I am trying to code R in order to obtain growth rate for COVID-19.
The equation can be found on the inserted image where i(t)
is the number of infected individuals at time t
.
I think I could code if the equation were to be simple growth rate i(t) = i0 * exp(r*t)
for example; however, the paper I am referring to implemented following method: "Time series data at each time point, a bootstrap method of extracting 1000 repeated observations was used, assuming that it follows a Poisson distribution with it^Data as the mean."
I have never coded such equations before :( I'm hoping this to be the great opportunity & initiation of being better coder & statistician.
Can somebody please help me out with this? I would really appreciate any type of hints or suggestions. I am never expecting whole code or anything near that; I would love to find a source where I could start this off well.

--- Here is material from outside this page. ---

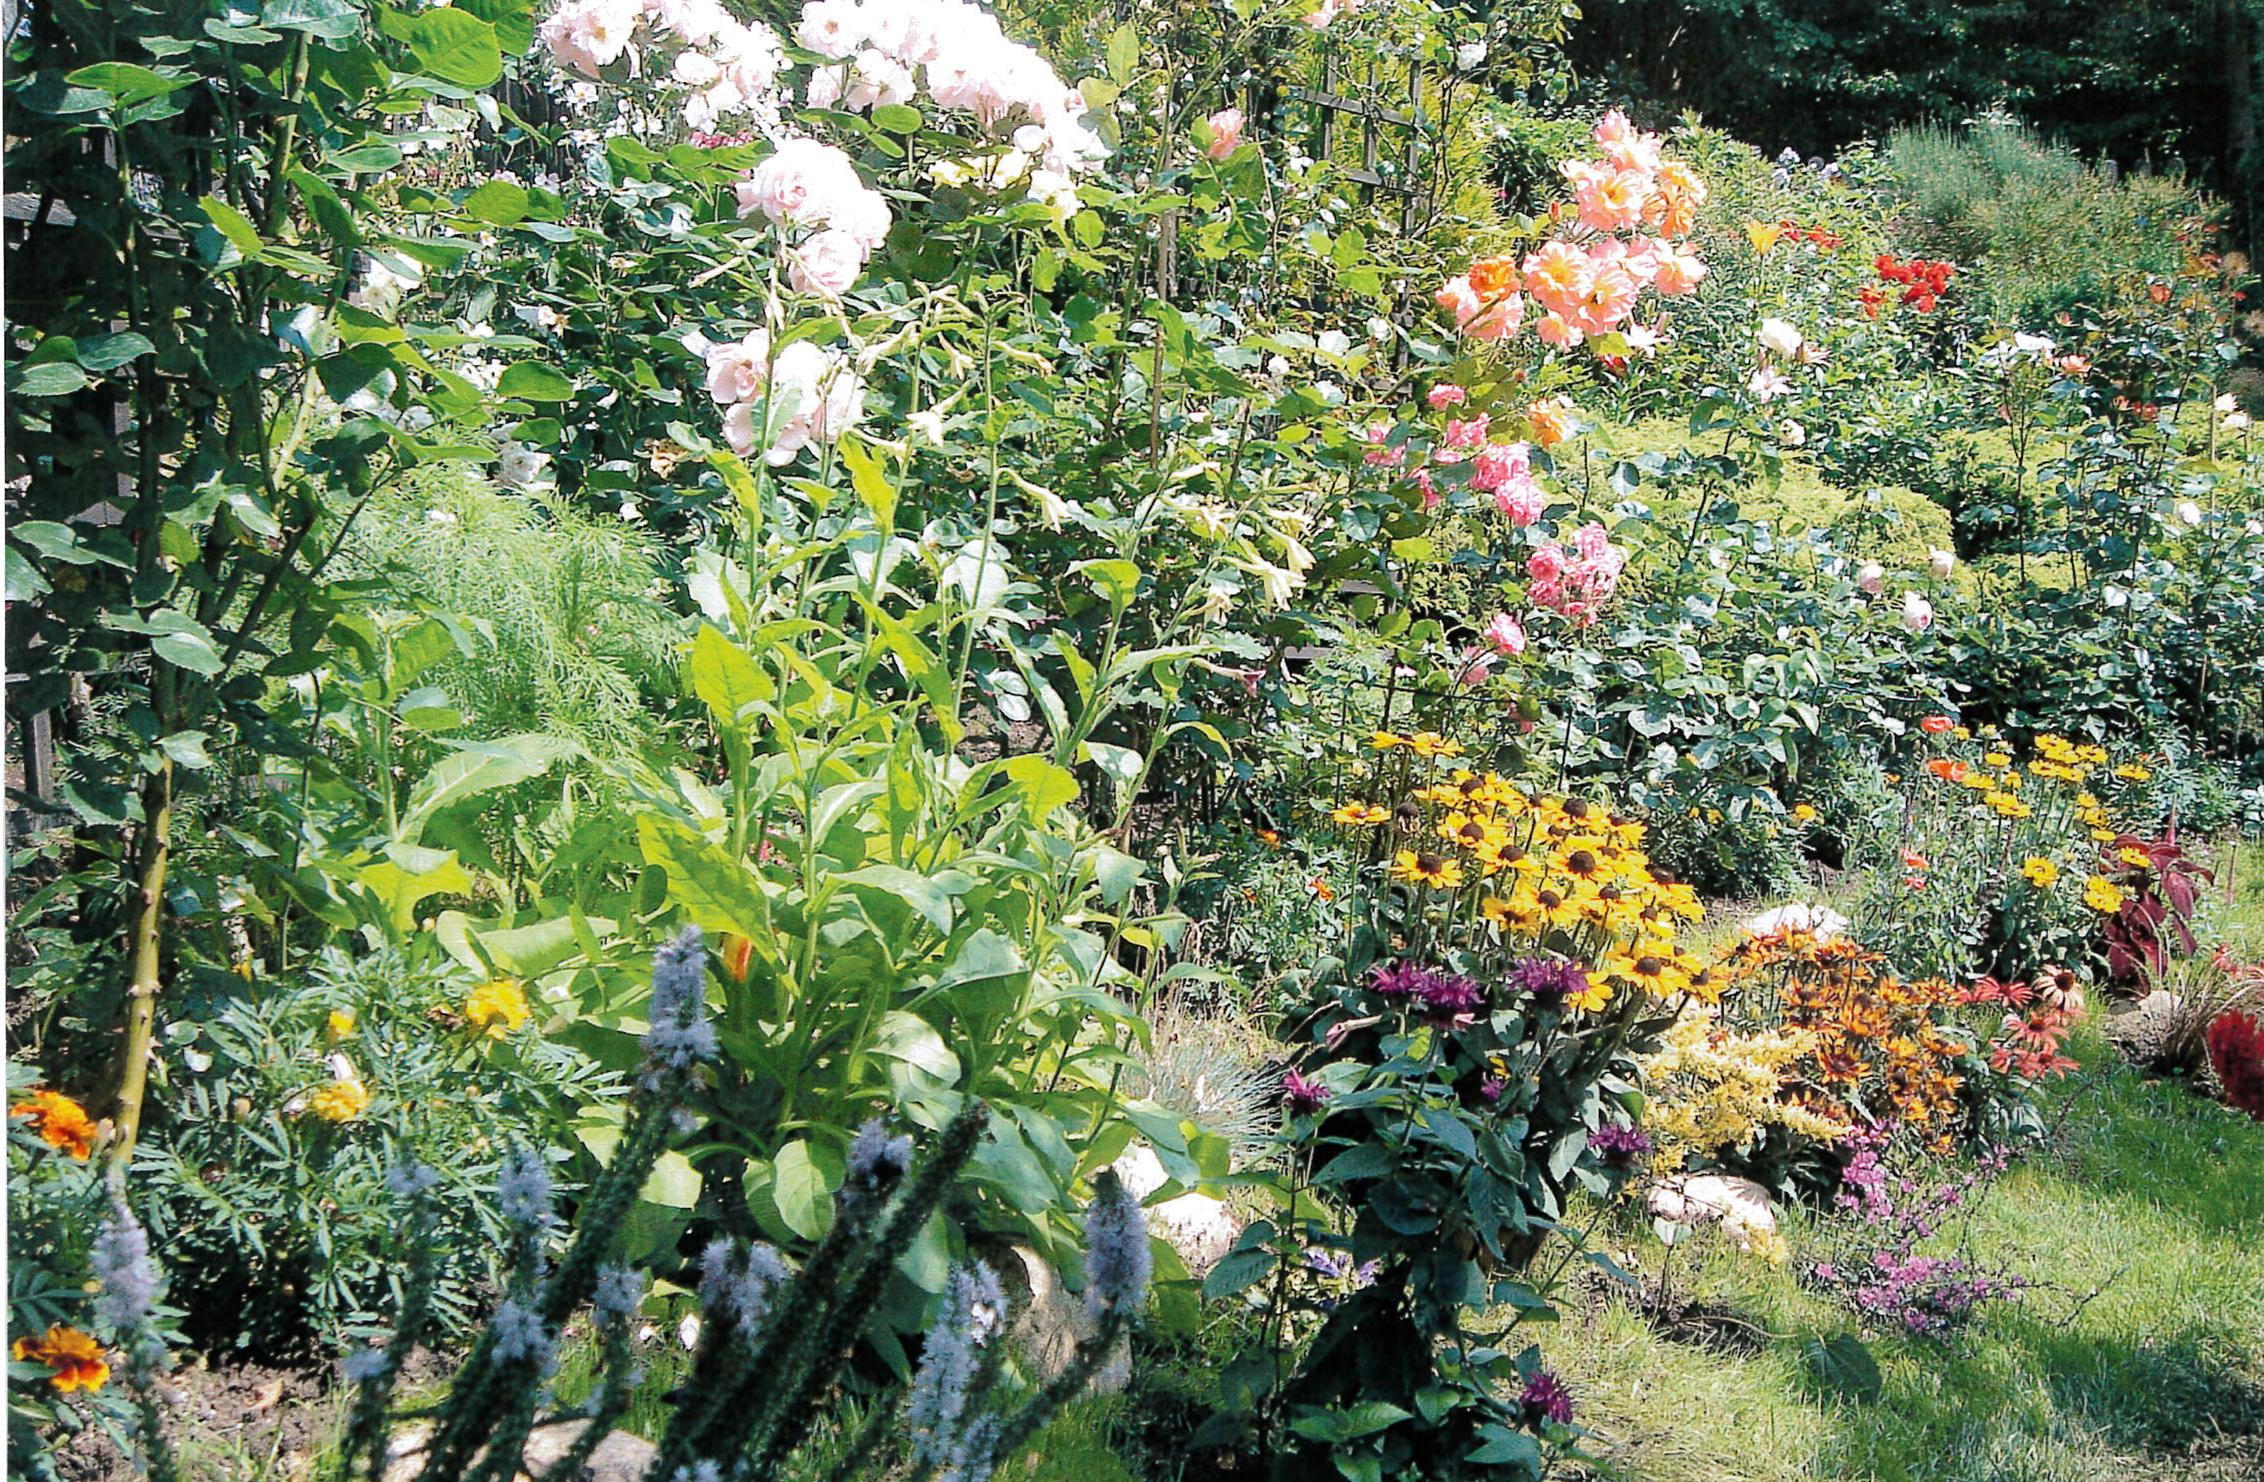 aranżacja autorstwa Katarzyny Osieckiej i Krystyny Bilkiewicz, w której przeważają róże, rudbekie, aksamitki i złocienie

Here's an example using some AIDS case data (taken from Dobson and Barnett's GLM introduction).
aids_dat <- read.csv("https://raw.githubusercontent.com/bbolker/goettingen_2019/master/data/aids.csv")
## generate more useful time variable
aids_dat <- transform(aids_dat, time = year - min(year) + (quarter-1)/4,
cumcases = cumsum(cases))
nobs <- nrow(aids_dat)
(you would use whatever kind of model you wanted here)
f1 <- lm(log(cases) ~ time, data = aids_dat)
set.seed(101)
fitted <- predict(f1)
s <- replicate(1000,
rpois(nobs, lambda = exp(fitted)),
simplify = FALSE)
This takes the predicted values from the log-linear fit and adds Poisson variation. Chowell et al. do a bunch of stuff with the cumulative cases numbers that I don't understand (and generally think isn't a great idea anyway); it looks like they generate predicted values, create a cumulative case count, and immediately difference it to get back to cases? It's worth being careful about this stuff (keep in mind the difference between prevalence and incidence), but I'm not quite sure what Chowell et al. are doing.
refit <- lapply(s,
function(x) lm(log(x+0.1) ~ time, data = aids_dat))
I used log(x+0.1)
in case the Poisson sample generated zero values. (It would be better to use a Poisson GLM or something.)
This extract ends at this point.